Game and Fish trap bear getting into dumpsters


September 19, 2019

TEN SLEEP — A bear that had been relocated from the Sheridan area was trapped in Tensleep Canyon recently.

According to Ten Sleep Game Warden Tom DeSomber, trapping a bear is a final solution for the agency. He said there are many other things they attempt to do before deciding to trap a bear.

He said this particular bear was getting into people’s trash who live in Tensleep Canyon. He said they work with people in the area to make sure the trash is secure. He said it is not unusual at this time of year for bears to be in Tensleep Canyon. He noted bears at this time are “really hungry” and looking for food in preparation for hibernation, which usually occurs in November.

“Their whole goal right now is to get food,” he said.

He said bears that continually use trash food or fruit orchards for a steady food source become too familiar with humans.

The best thing for bears and people are to follow a few simple rules, DeSomber said, adding that Wyoming is bear country.

He said securing trash and keeping lids on dumpsters is one main tip that was not occurring prior to the bear’s arrival.

As for the bear, he was found in the trap on Monday, Sept. 9. DeSomber noted that since the bear had been previously relocated “he had his one chance” adding that is not something Game and Fish likes to do but at times they have had to euthanize a problem bear.

DeSomber said he has also heard reports of a bear south of Ten Sleep but he believes it was the same bear.

Why bears are looking for food in trash, DeSomber said he does not know, but noted that there are not as many berries as there have been in other years in Tensleep Canyon. “That might have something to do with it. Usually this time of year there are a ton of chokecherries.”



The Wyoming Game and Fish website offers several tips for those living in bear country.

Some include:

•Garbage should be stored where bears can neither smell nor gain access to it: either in a bear-resistant container or inside a building bears can’t get into. Use outside garbage cans for non-food items only. Haul garbage to an approved disposal site as often as possible, but at least once a week, to avoid build-up of odors.

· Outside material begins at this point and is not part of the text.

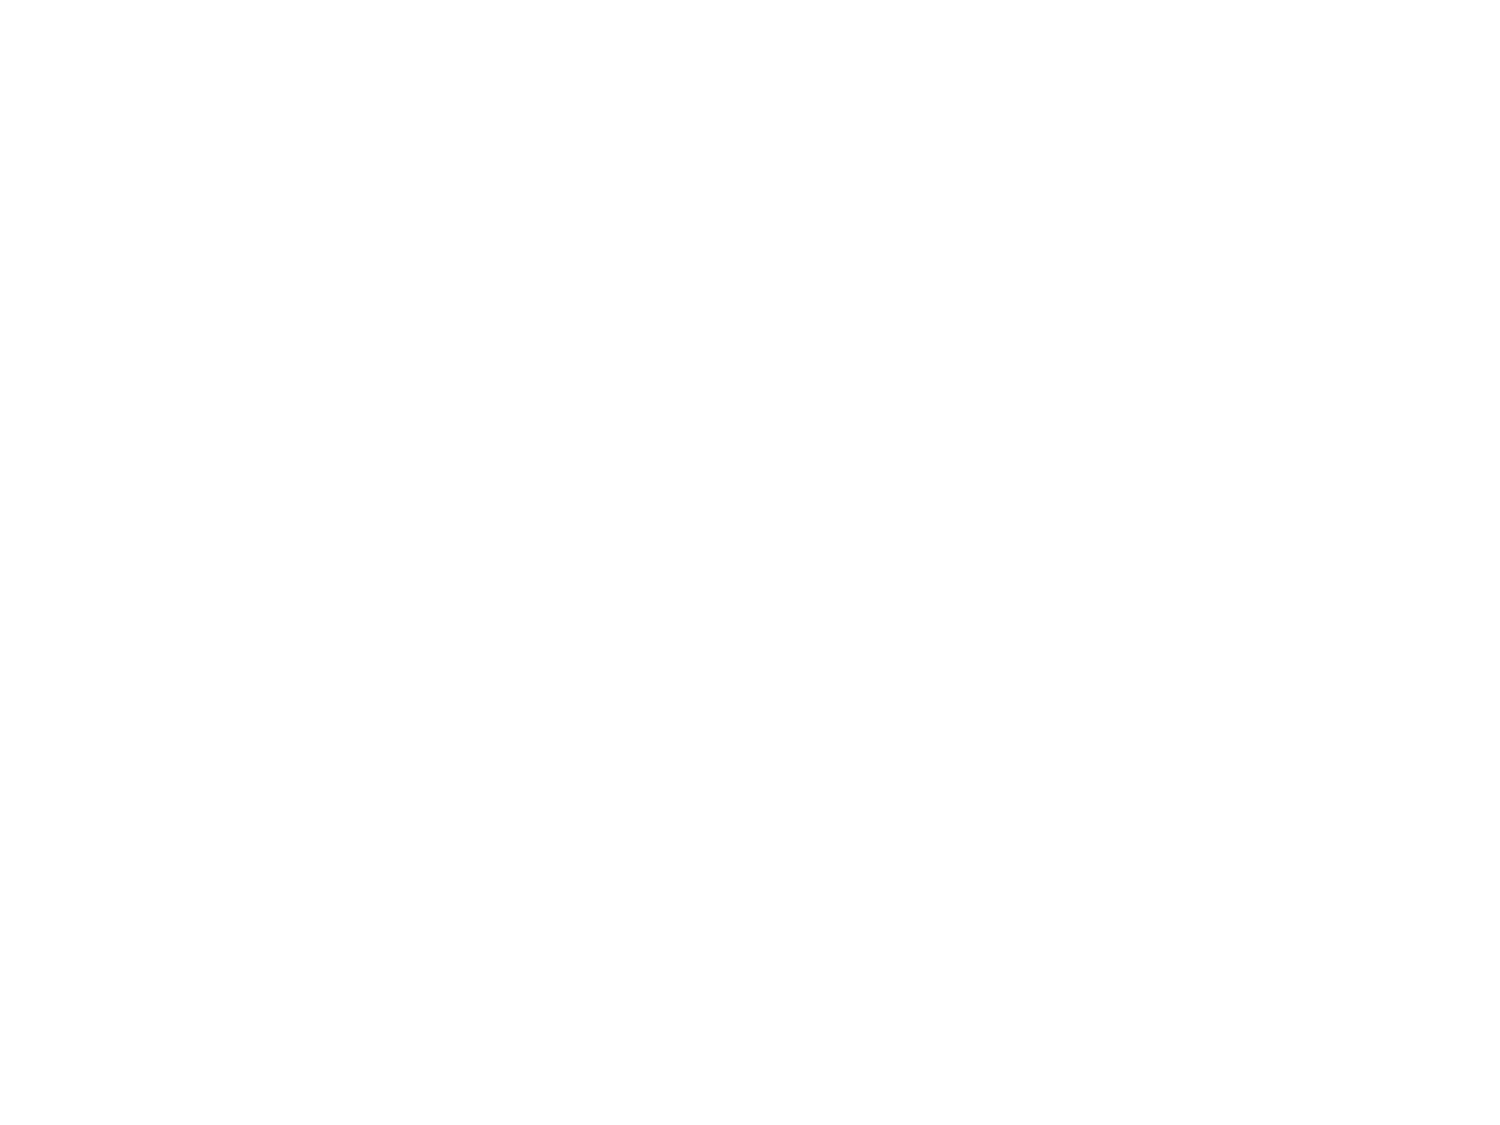 red banjo studios

•Fruit trees attract bears, especially when wild foods are scarce. Electric fencing is the most effective way to keep bears out of orchards. Pick all fruit from trees and the ground as soon as possible; do not leave fruit through the fall.

•Vegetable and flower gardens also attract bears. Gardens should be located away from forests or shrubs, which bears use for security and travel. Bears will dig up carrots and bulbs, so electric fencing is a good idea.

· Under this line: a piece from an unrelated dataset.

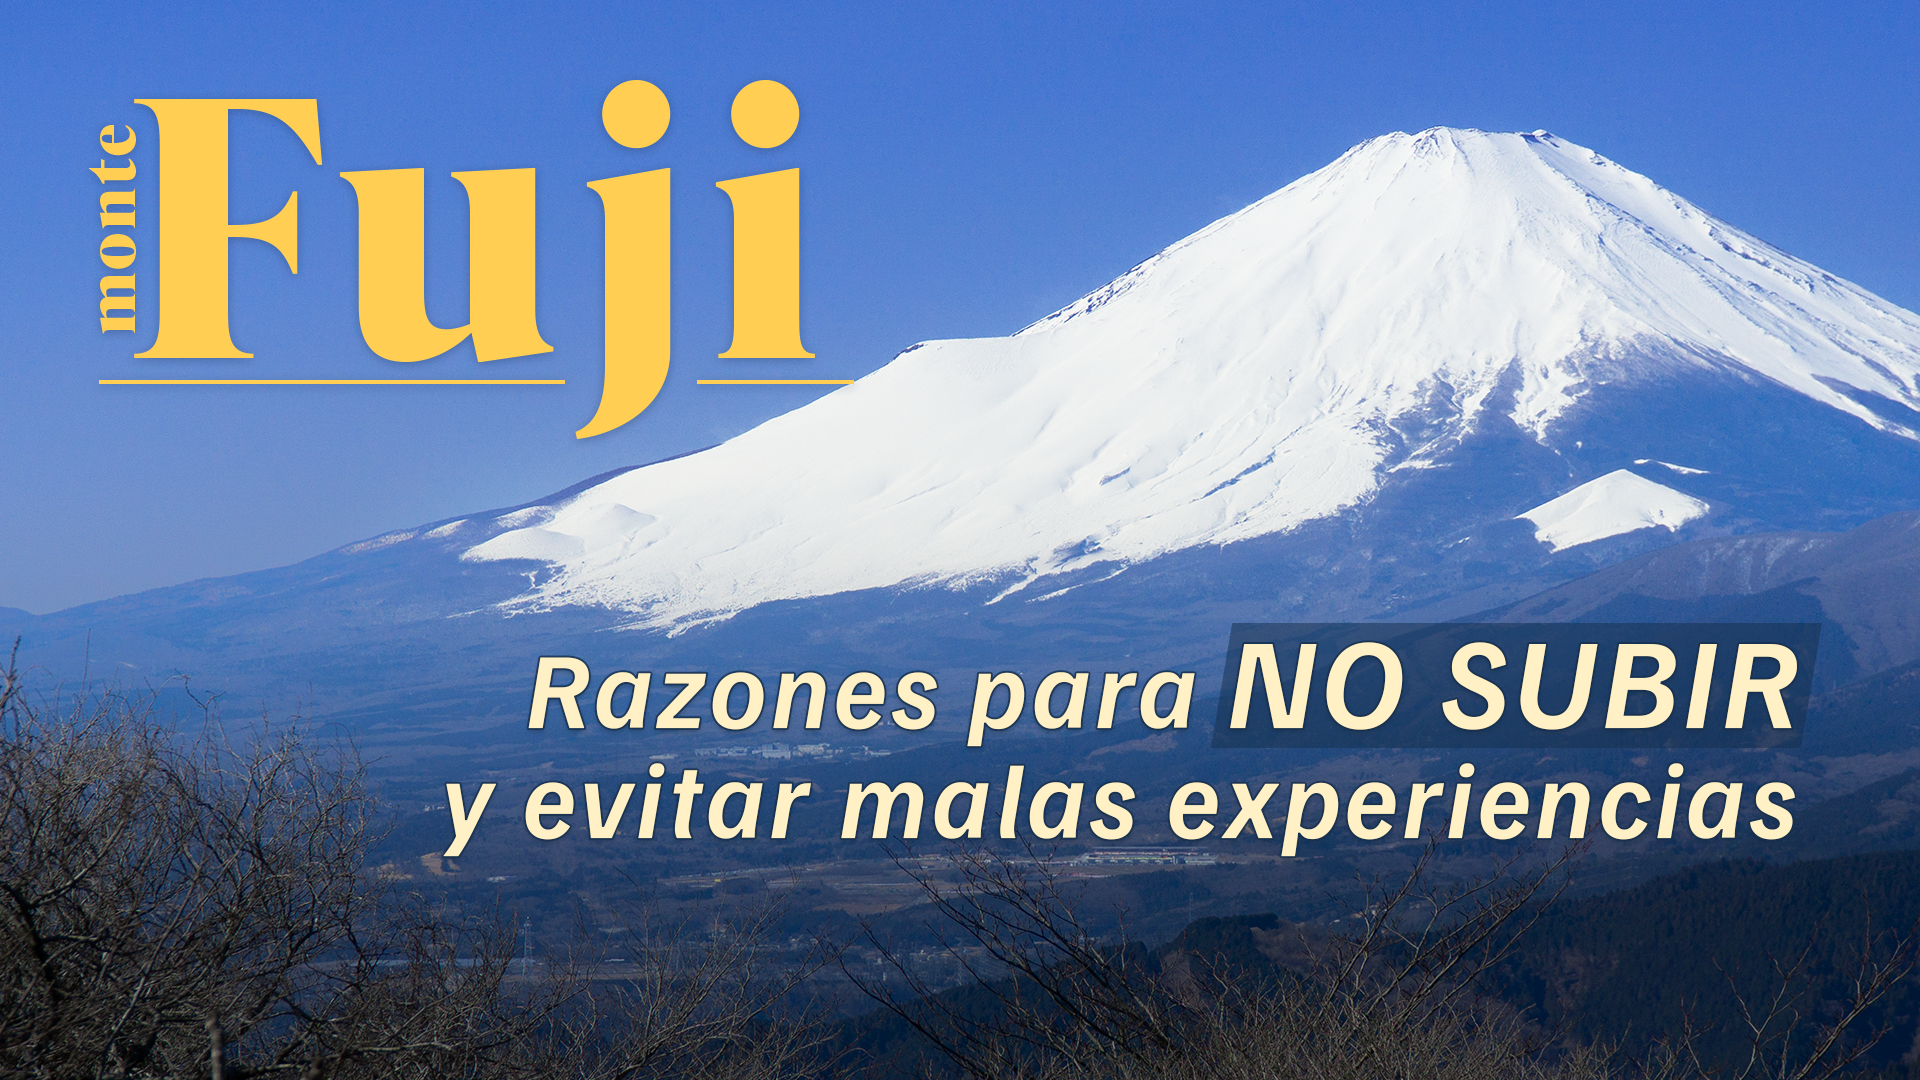 【Monte Fuji】 Razones para NO subir y evitar malas experiencias.

•Composting is not recommended, because the odors attract bears. If you do compost, use an electric fence or enclosed, bear-resistant composter. Don’t put meat, grease, or bones in a compost pile.

•Livestock and poultry feed, along with pet food, should be stored in bear-resistant containers – such as a 55-gallon drum with a lid that seals – preferably inside a sturdy building that bears can’t get into.

•Bird feeders can also attract bears. Feed suet only during the winter months, and suspend hummingbird feeders out of reach of bears – at least 10 feet off the ground and 4 feet away from any tree trunk or pole.